Link

Okay, so the result shown is somewhat weaker than the title implies, but the blog post contains some interesting stuff about the place of infinity in mathematics, its history, and finitism versus Platonism.

Deeply cool stuff, thanks for posting.

The articles says that a theorem is finitely reducible if it's provable without "invoking infinity" - does that just mean without making use of any infinite sets or is there more to it?

It is seriously restrictive. The purely informal idea is due to Hilbert much like the purely informal idea of intuitionism is due to Brouwer, but I don't believe either settled for a definite formalism. But even informally, Hilbert was insistent that it is literally meaningless to quantify over the naturals!

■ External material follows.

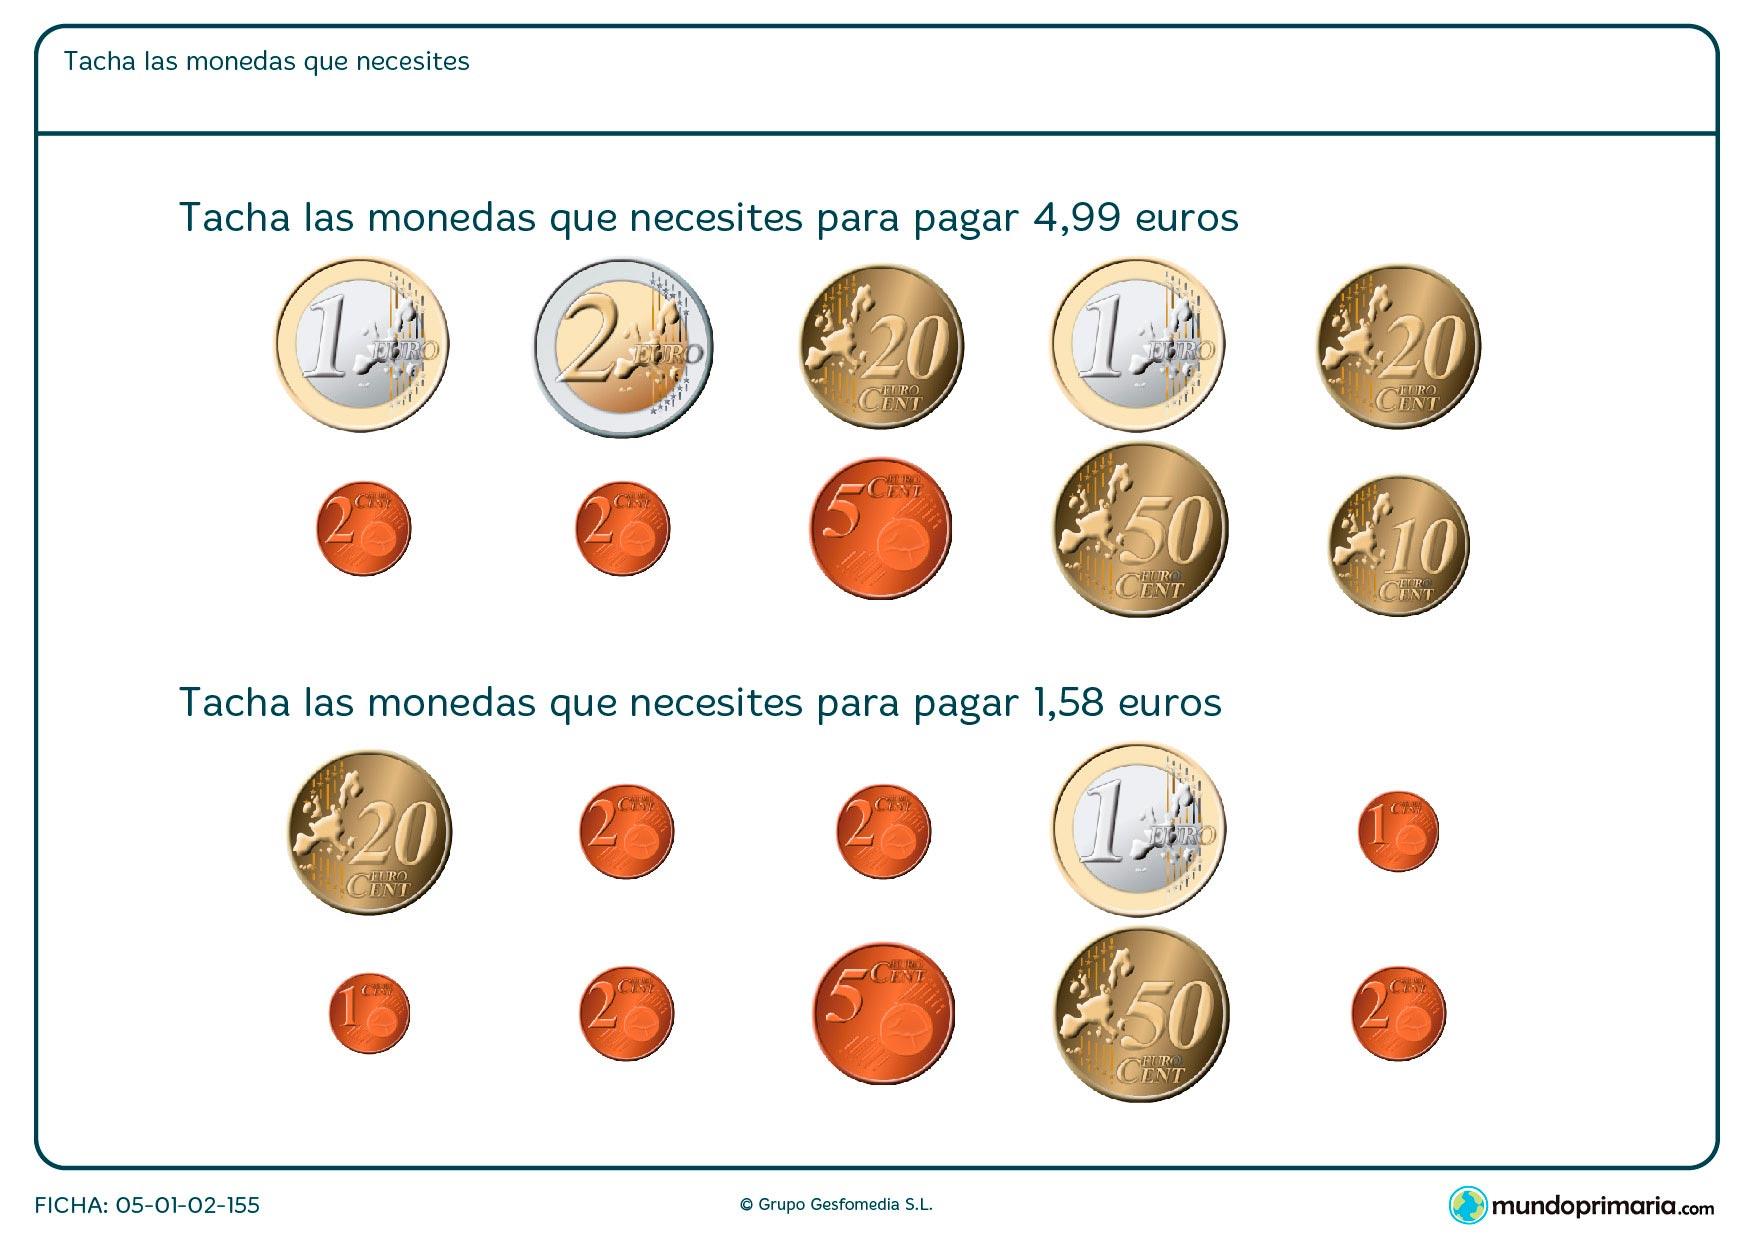 Seleccionar las monedas que juntas sumen el total de dinero que se plantea en el ejercicio de matemáticas.

But there are formalisms, the standard being primitive recursive arithmetic. This is the quantifier free fragment of first order arithmetic, together with rules allowing you to introduce primitive recursive functions (these are the total functions you get doing recursion just like induction: you define the case for 0, then you define the n+1 case in terms of the n case). You also have induction as an inference rule.

The closest you get to quantification is with variables. You can prove that m + n = n + m, but this is really thought of as a schema or pattern. It doesn't say anything until you plug numerals in, after which you could run back over the proof with the numbers inserted and get back to reflexivity of equality.

This really is finite, because once you hve collected all your mathematical proofs, you can just pick a suitably big number and then unfold a finite number of all possible concrete results. You cannot do the same for first order PA, even though PA has no infinite objects in its domain.

Rest assured, no one actually wants to work in this theory. They want to work in a powerful metatheory that can be finitistically provably reduced to finitism. Hilbert thought the metatheory would be ZFC, and if he had been right, we would have laid the foundational crisis to bed. Goedel shot down that dream, and I'll state the why more strongly than the blogger: set theory proves PRA consistent, so if PRA proves set theory is one of its conservative extensions, then set theory also proves itself consistent, whilst being subject to Goedel's second.

I cannot resist the opportunity to moan again about William Lane Craig, who likes to bring up Hilbert's rejection of the infinite in the Kalam. Hilbert only felt able to do so because he was betting on a doomed project. As the blog post says though, finitism isn't dead yet (by my standards anyhow), only the initial aims of the Hilbert programme.